◆ What needs to be done ◆
Would you please return the lines of the entries below starting at the line that has "Cuisinart 12-Quart Stockpot" and ending at the line that has "Equity markets: High", both included, exactly as they are?

◆ Material supplied ◆

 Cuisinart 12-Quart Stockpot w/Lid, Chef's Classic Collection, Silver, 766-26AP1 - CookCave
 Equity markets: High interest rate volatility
---
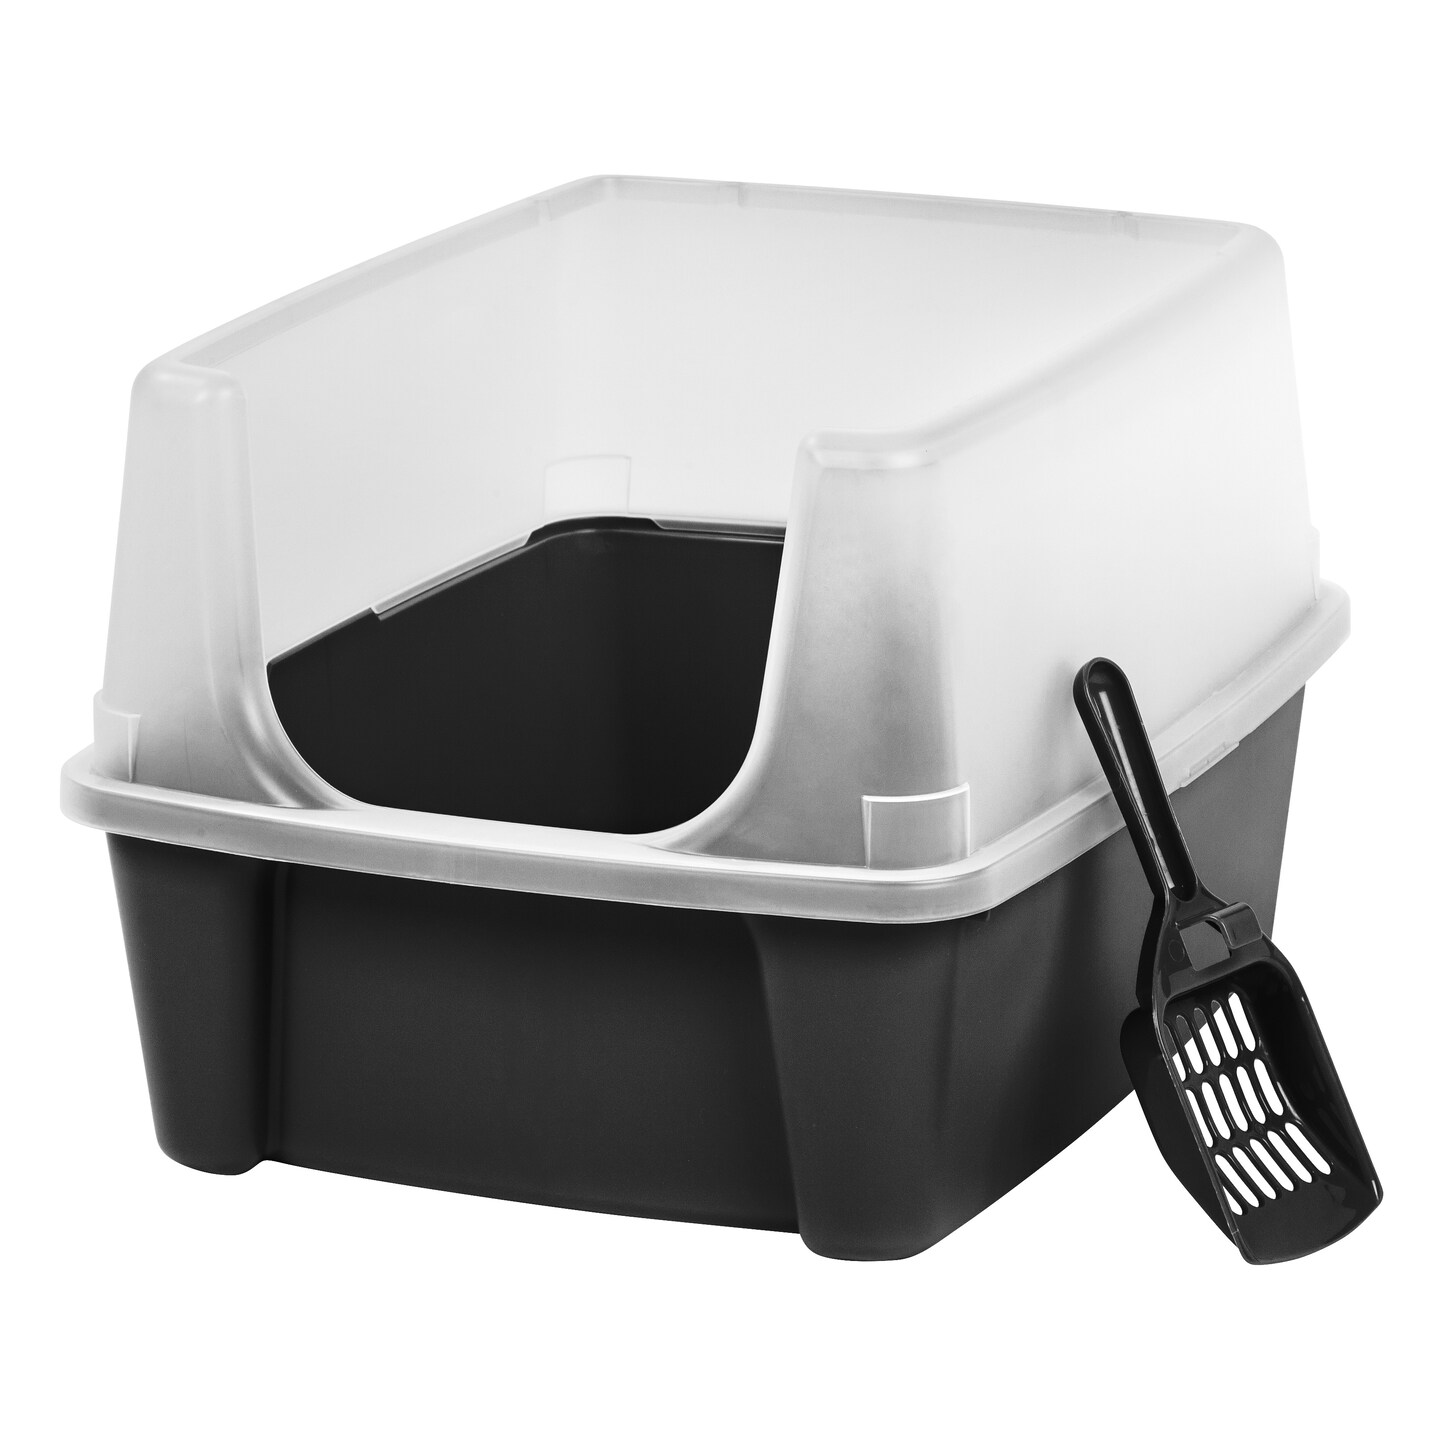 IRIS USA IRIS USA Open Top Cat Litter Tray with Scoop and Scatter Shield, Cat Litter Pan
---
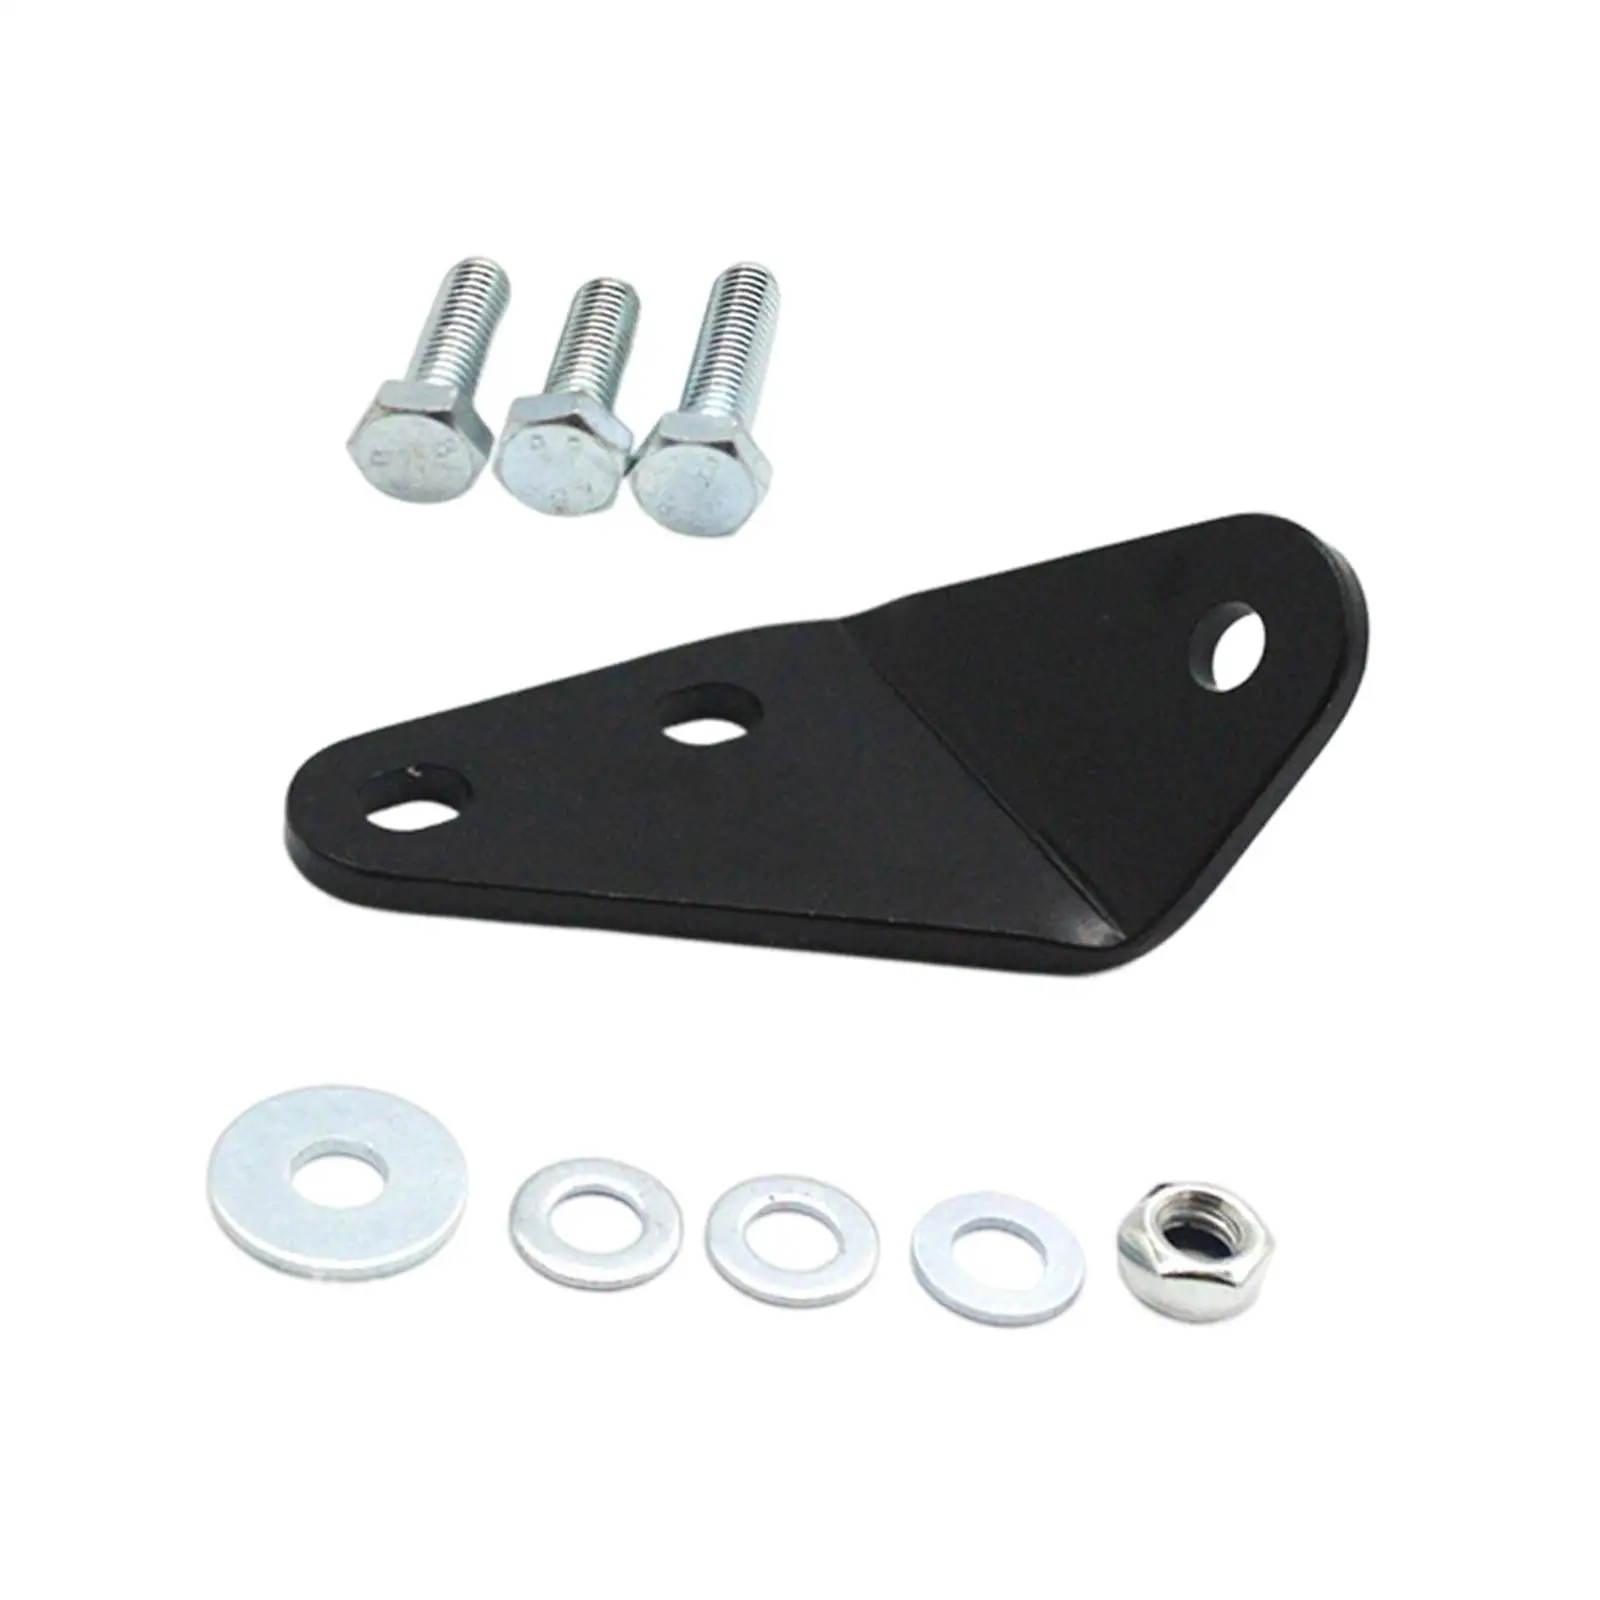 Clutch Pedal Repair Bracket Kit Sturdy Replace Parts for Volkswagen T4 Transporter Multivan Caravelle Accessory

◆ Response box ◆
 Cuisinart 12-Quart Stockpot w/Lid, Chef's Classic Collection, Silver, 766-26AP1 - CookCave
 Equity markets: High interest rate volatility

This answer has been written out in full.